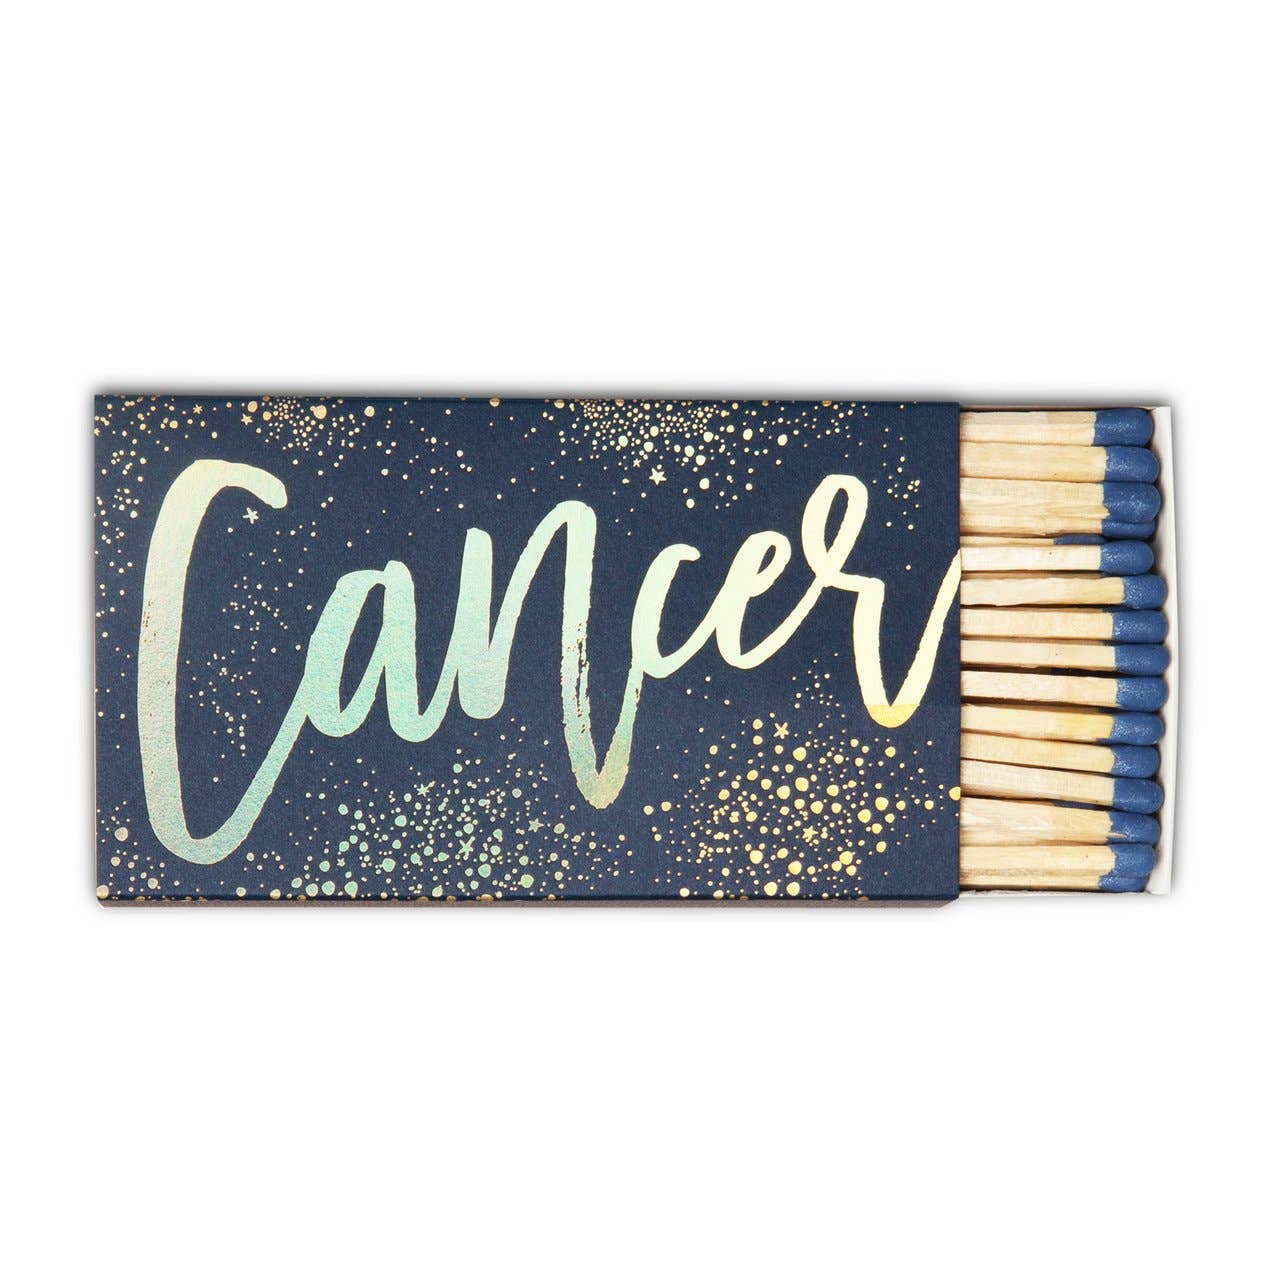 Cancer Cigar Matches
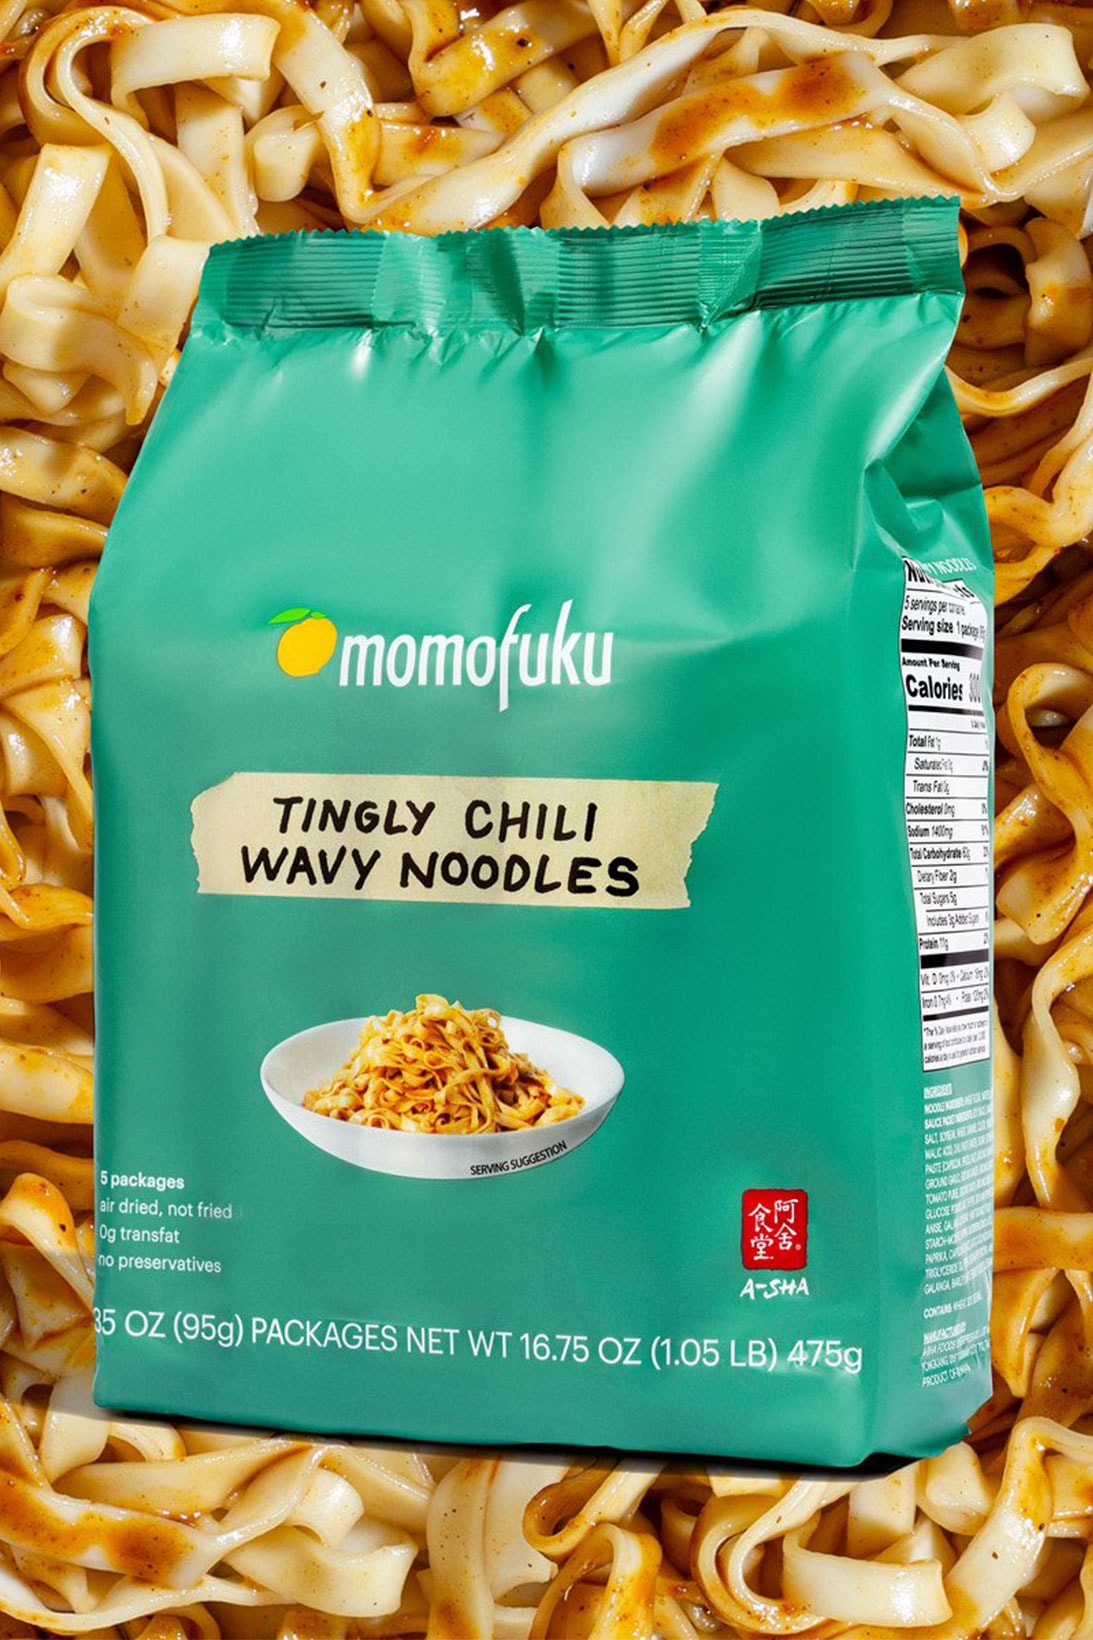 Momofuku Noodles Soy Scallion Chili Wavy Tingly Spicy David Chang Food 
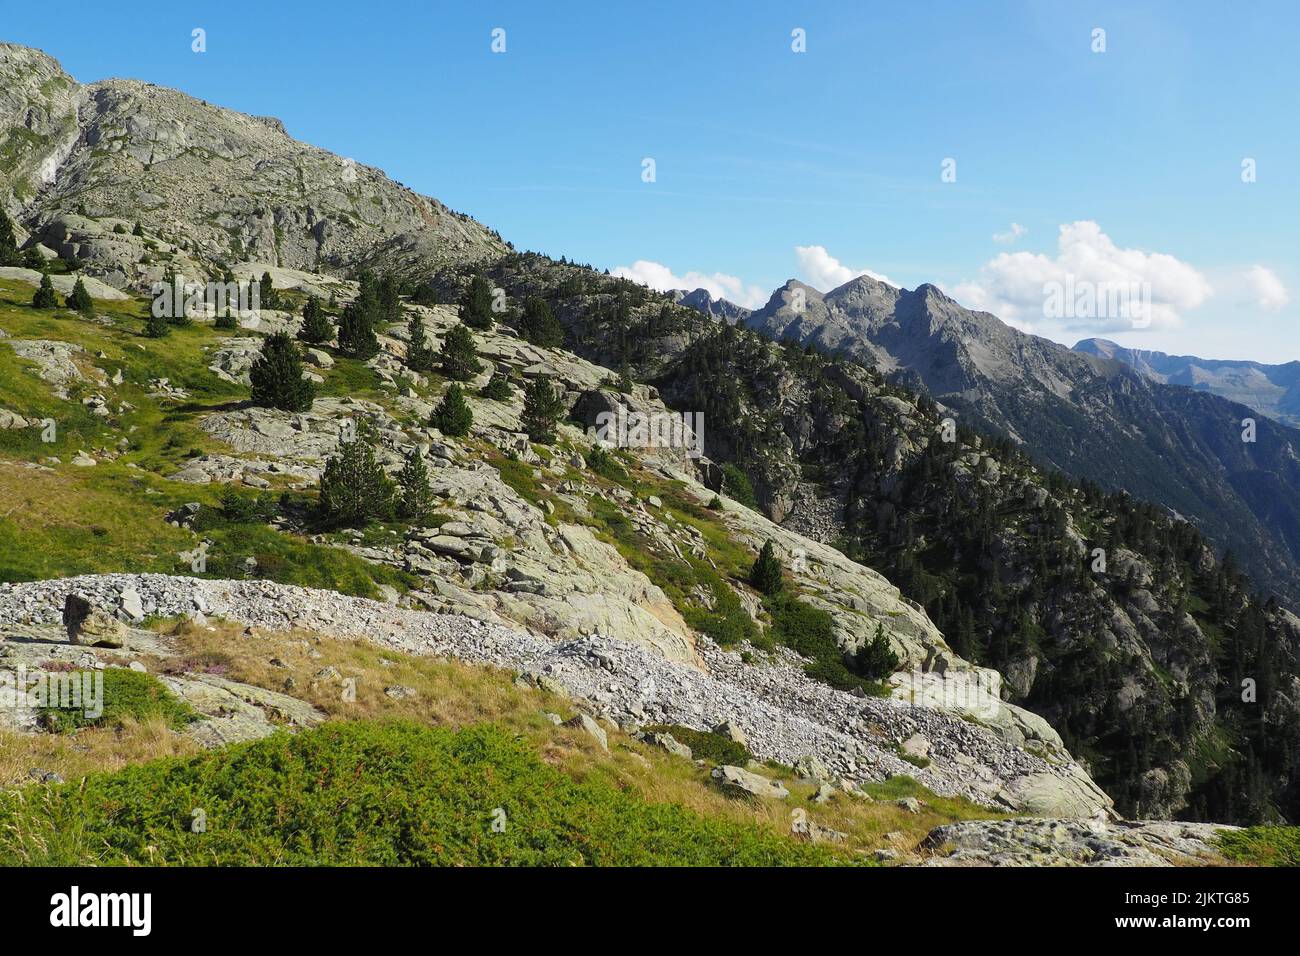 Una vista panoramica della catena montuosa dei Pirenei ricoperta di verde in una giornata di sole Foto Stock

________________

All of the material above should be set down again exactly, though not its pictures.

**Result**
 Cancer Cigar Matches
 Momofuku Noodles Soy Scallion Chili Wavy Tingly Spicy David Chang Food 
 Una vista panoramica della catena montuosa dei Pirenei ricoperta di verde in una giornata di sole Foto Stock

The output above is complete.